W tym badaniu ex-vivo wyjaśniono, w jaki sposób można zredukować ryzyko wystąpienia najpowszechniejszych u cukrzyków chorób jamy ustnej: chorób dziąseł i przyzębia, oraz próchnicy zębów.

W badaniu wykorzystano opatentowany Kompleks Protein MPE™, zastosowany w produktach do higieny jamy ustnej ANOXIDENT balance®. Kompleks MPE™ znacząco obniżył stężenie glukozy w ślinie diabetyków, co w rezultacie prowadzi do obniżenia ryzyka wystąpienia próchnicy zębów i chorób dziąseł.

Metody

  1. Heksokinaza

    Zastosowano metodę, w ramach której przeprowadzona została:

    • analiza stężenia glukozy w ślinie osób z cukrzycą przed zastosowaniem Kompleksu Protein MPE™
    • analiza stężenia glukozy w ślinie osób z cukrzycą po zastosowaniu Kompleksu Protein MPE™.

     

    Do ustalenia dokładnego stężenia glukozy w ślinie lub innym roztworze stosuje się enzym heksokinazę wg poniższej reakcji:

    przy użyciu heksokinazy
    Glukoza + ATP glukozo-6-fosforan + ADP

     

    przy użyciu G6PD (*)
    Glukozo-6-fosforan + NADP+ 6-fosfo-glukonolakton + NADPH + H+

    (*) G6PD: glukozo-6-fosfodehydrogenaza

    Standardowy roztwór glukozy

    Przygotowano standardowy (wzorcowy) roztwór 1000μM glukozy. Z tego wyjściowego roztworu przygotowane zostały rozcieńczenia 10-krotne z buforem zawierającym: 100mM HEPES, 12mM MgCl2, 120mM KCl i 20mM KH2PO4 – przy pH 7,5 otrzymanym przy użyciu 1M NaOH.
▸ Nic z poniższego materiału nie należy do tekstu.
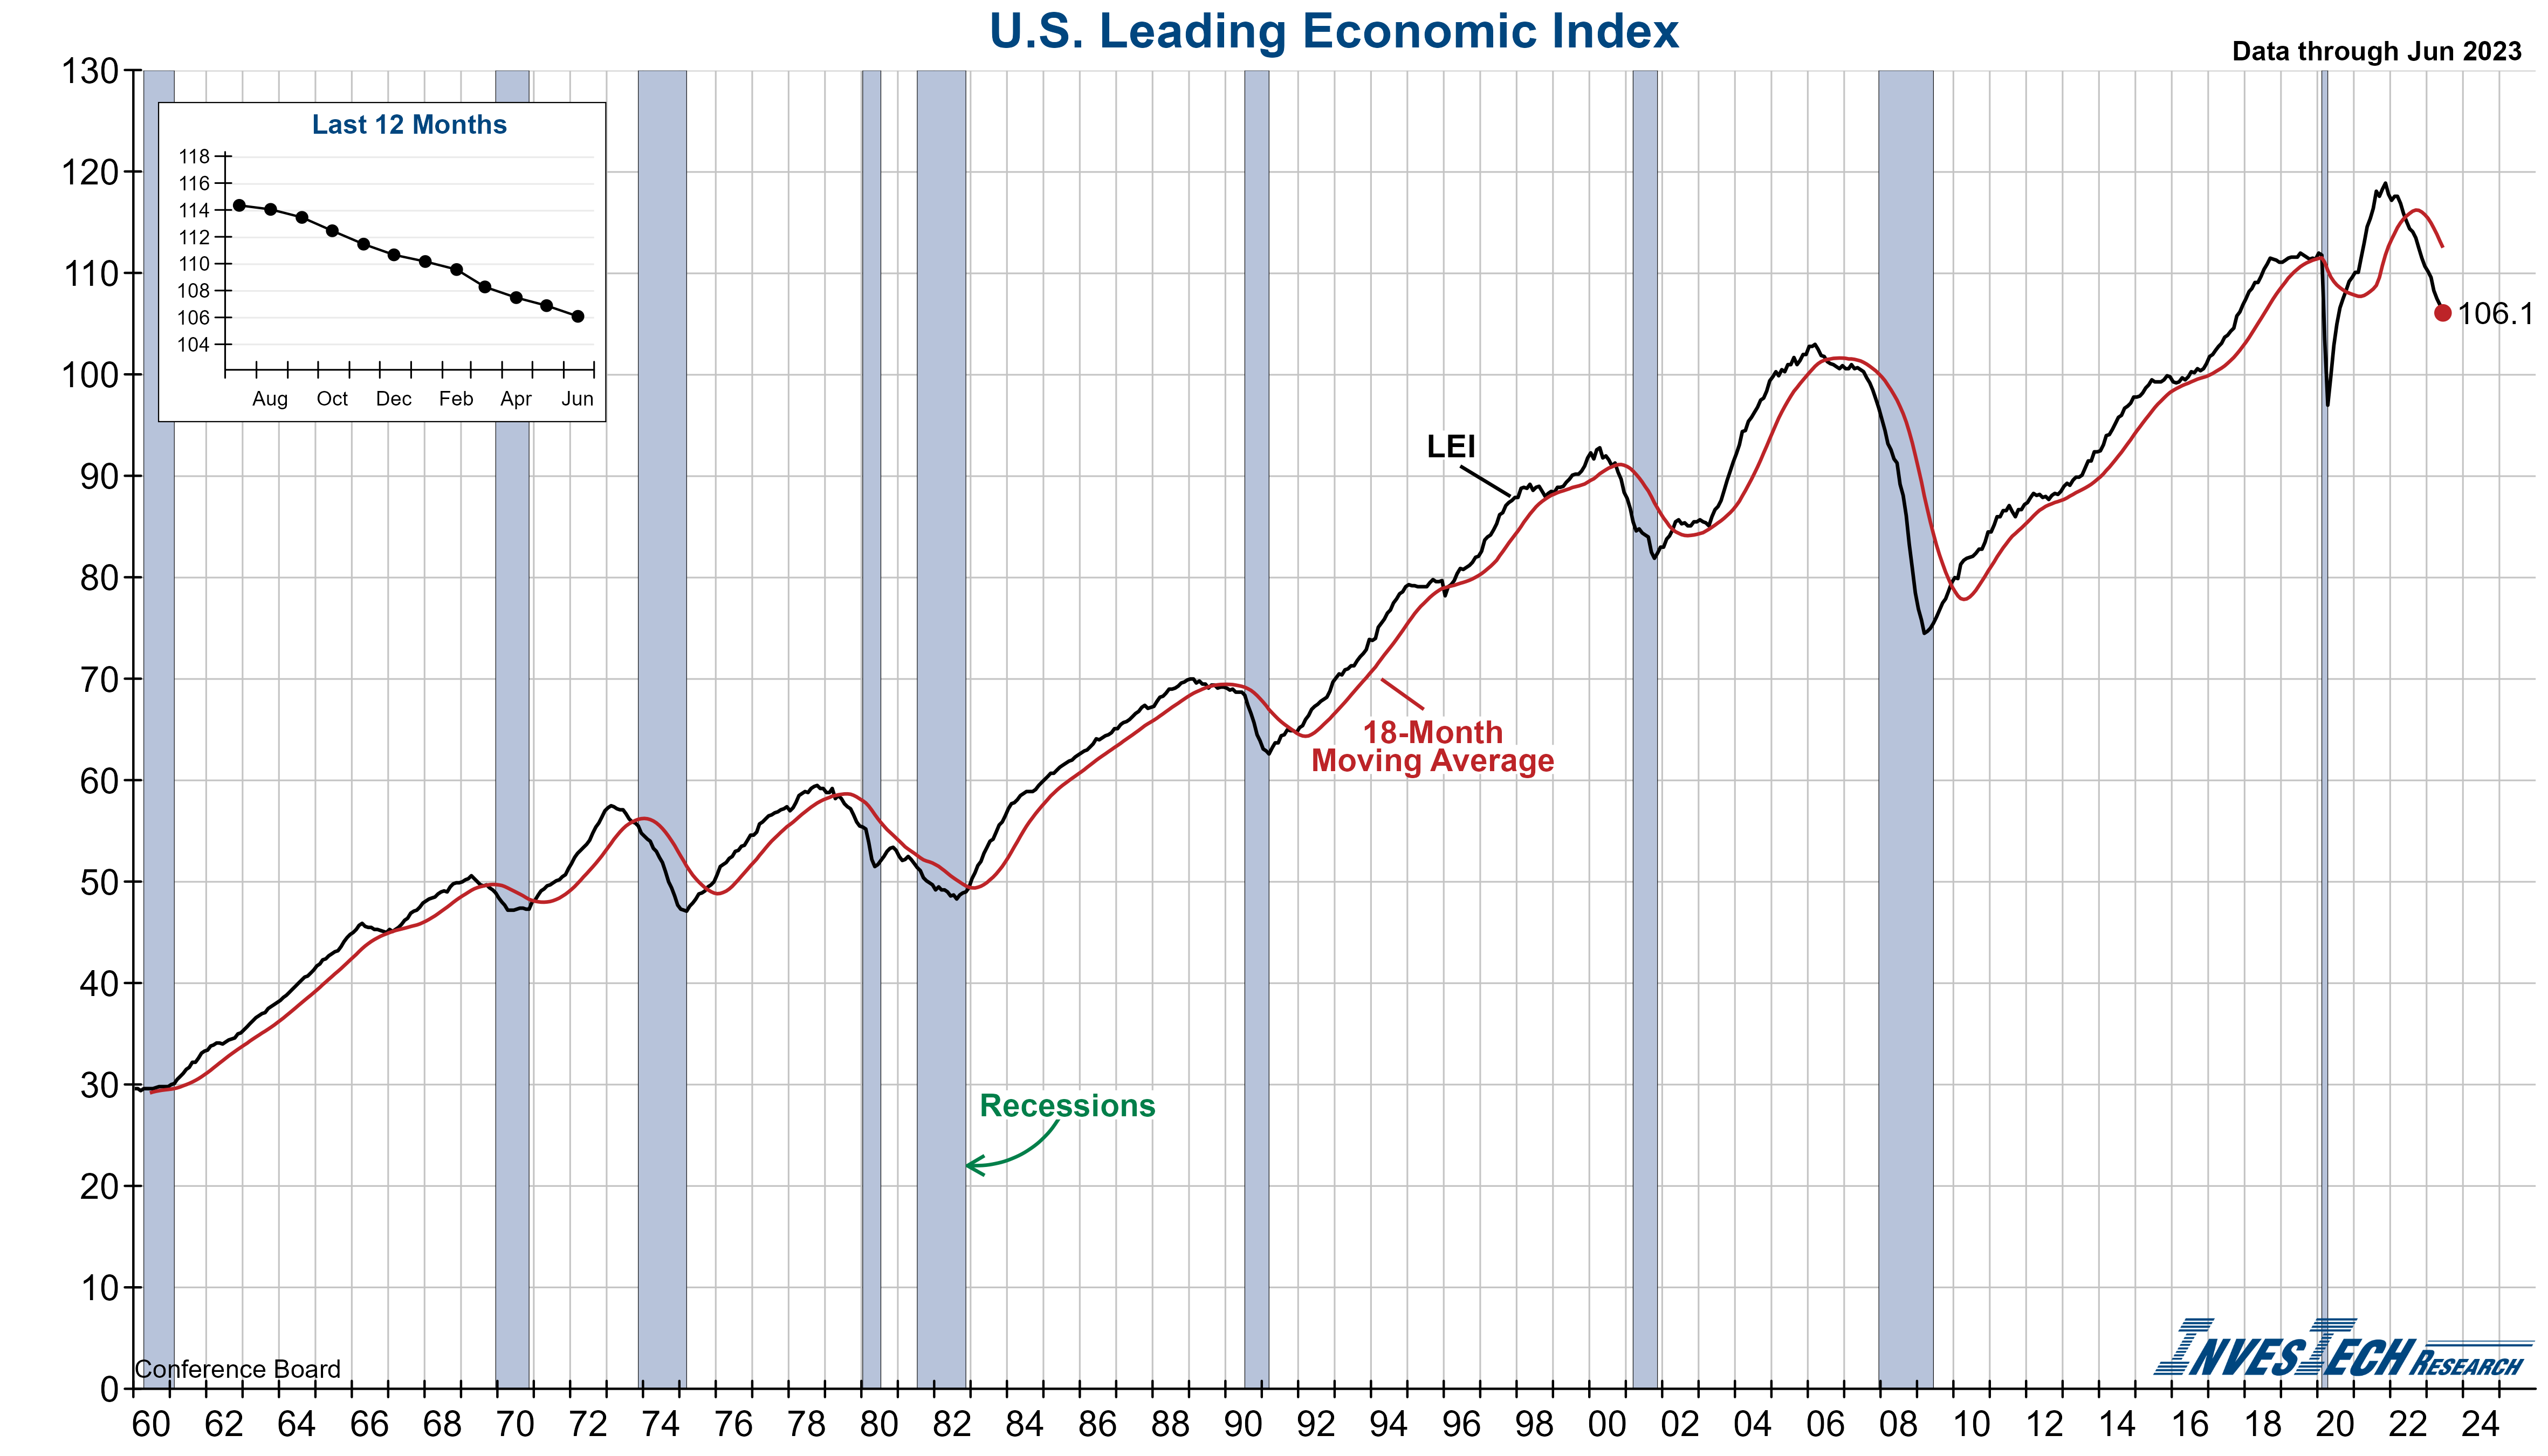 Conference Board Leading Economic Index (LEI)

    Otrzymano roztwory o różnym stężeniu glukozy, od 5 do 500μM i te roztwory poddane zostały następującej analizie:

    100 μl roztworu glukozy zmieszano z 95 μl reagentu zawierającego 2.0 mM MgCl2, 0.5 mM ATP, 0.5 mM NADP+ i 0.06 jednostek dehydrogenazy glukozo-6-fosforanowej z drożdży, w buforze TRIS-HCL (200 mM, pH 8,1). Dokonano pierwszego pomiaru absorbancji przy długości fali 340nm. Następnie zapoczątkowano reakcję przez dodanie 5 μl heksokinazy do reagentu (0.06 jednostek). Absorbancję odczytywano co 1 minutę przez 5 minut w pokojowej temperaturze. Roztwory z dodatkiem heksokinazy wymieszano przez odwrócenie kuwet. Absorbancja została zmierzona po 30-minutowej inkubacji roztworów w temperaturze pokojowej. Analiza została przeprowadzona na różnych roztworach glukozy (w stężeniu od 5 do 500 μM), przygotowanych z roztworu wyjściowego (standardowego).

    Obliczenia

    Zastosowano metodę punktów końcowych. Wysokość plateau jest proporcjonalna do stężenia glukozy w roztworze.

    Początek wykresu ustalono przez zmierzenie absorbancji próbki kontrolnej (roztworu nie zawierającego heksokinazy). Wyniki wszystkich pomiarów przedstawiono w μ-molach/l, wykres przedstawia krzywą stężenia glukozy w próbkach (5-500 μM).

    Figure 1: Standard curve of the determination of the glucose concentration in function of the of the NADPH production using the hexokinase method

  2. Kompleks Protein MPE™

    MPE™ to kompleks protein, enzym, który jest zdolny do przekształcenia w obecności ATP alfa-D-glukozy w alfa-D-glukozo-6-fosforan i ADP.

    MPE
    D-glukoza + ATP (*) α-D-glukozo-6-fosforan + ADP

    (*) ATP obecne w Kompleksie MPE™ pochodzi z miceli kazeinowych występujących w surowym mleku.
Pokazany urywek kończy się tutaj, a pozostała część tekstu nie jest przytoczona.